I realized that the authorities, how they catch you is they
follow the money and if they're going to follow the money to a
dead end, for example they go to a bank and they say "Who owns
this bank account?"
and it's Polly Prostitute address unknown, it's going to
be awfully hard to find her.
And about the same person who has the post office box and the
DBA, it's going to be awfully hard to find that person.
When the checks would come to the mail drop address, I would
sneak over there like 2 or 3 in the morning, because you know,
you get a key to the front door and a key to the box, and I'd
make sure nobody was around.
I'd get the checks out and then I would put the checks in the
night depository so that nobody would ever see me.
I'd put on my surgical gloves because you know that paper
gives off a very good fingerprint.
After money was deposited into one account, a check would be
written and put into another one and another one so if the
authorities were to follow me they would have to go from bank
to bank to bank and law enforcement agents do not like
to work.
The longer you make them work, the harder you make them work,
the more they are going to go on to another case, especially in a
big city like Los Angeles.
I would purchase stock through company checks and then have
that converted into cash by selling the stock and having the
check made out to a person who would then cash the check.

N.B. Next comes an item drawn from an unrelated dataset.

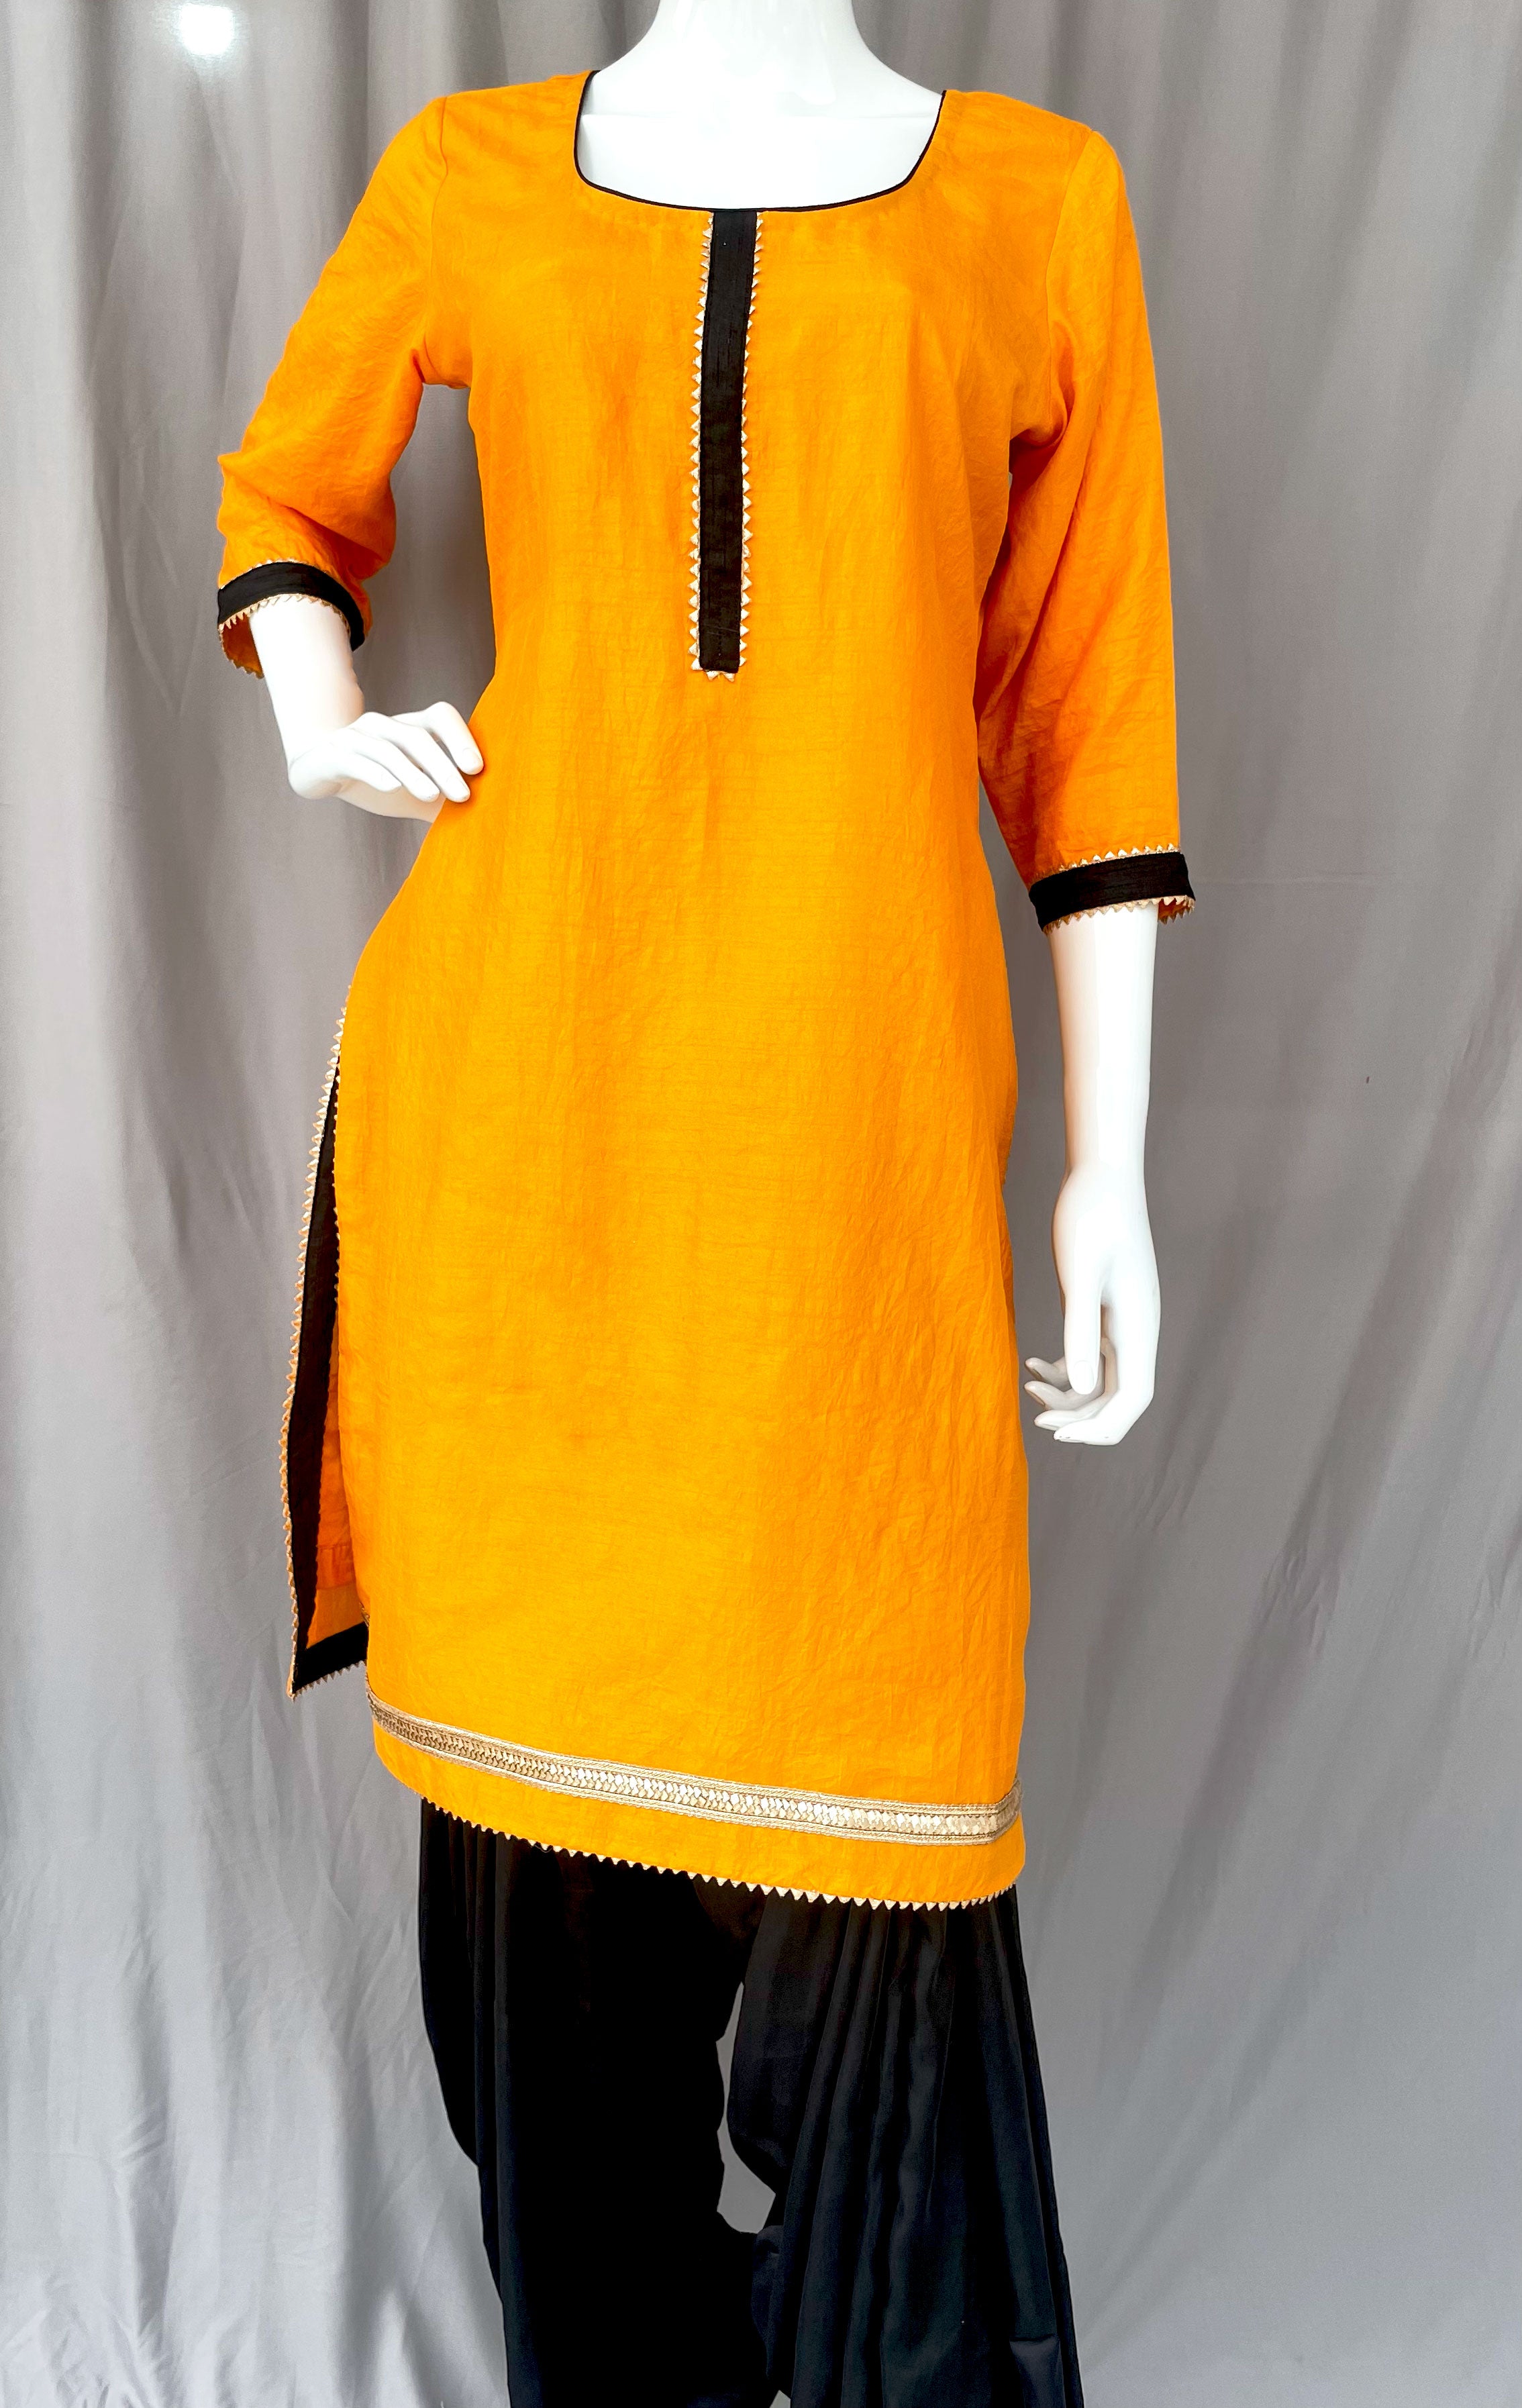 Phulkari Top | Phulkari Dress | How To Style Phulkari | HerZindagi

So what you would do is you would receive my check.
I'd buy stock, let's say in Microsoft or a solid company and
then after a little while I would sell all the stock, maybe
leaving a little bit of it left.
Well the stock brokerage firm would write a check to anyone
you want to for the sale of the stock, whatever you had in your
account.
That could go into one account and that account could write a
check into another account and it just makes the trail a lot
harder to find.
You find a branch manager at your bank and you befriend him
and you offer him amounts of cash that when you come in and
cash a check or receive cash, $80,000 or $100,000 that he's
going to lose that report or not file one.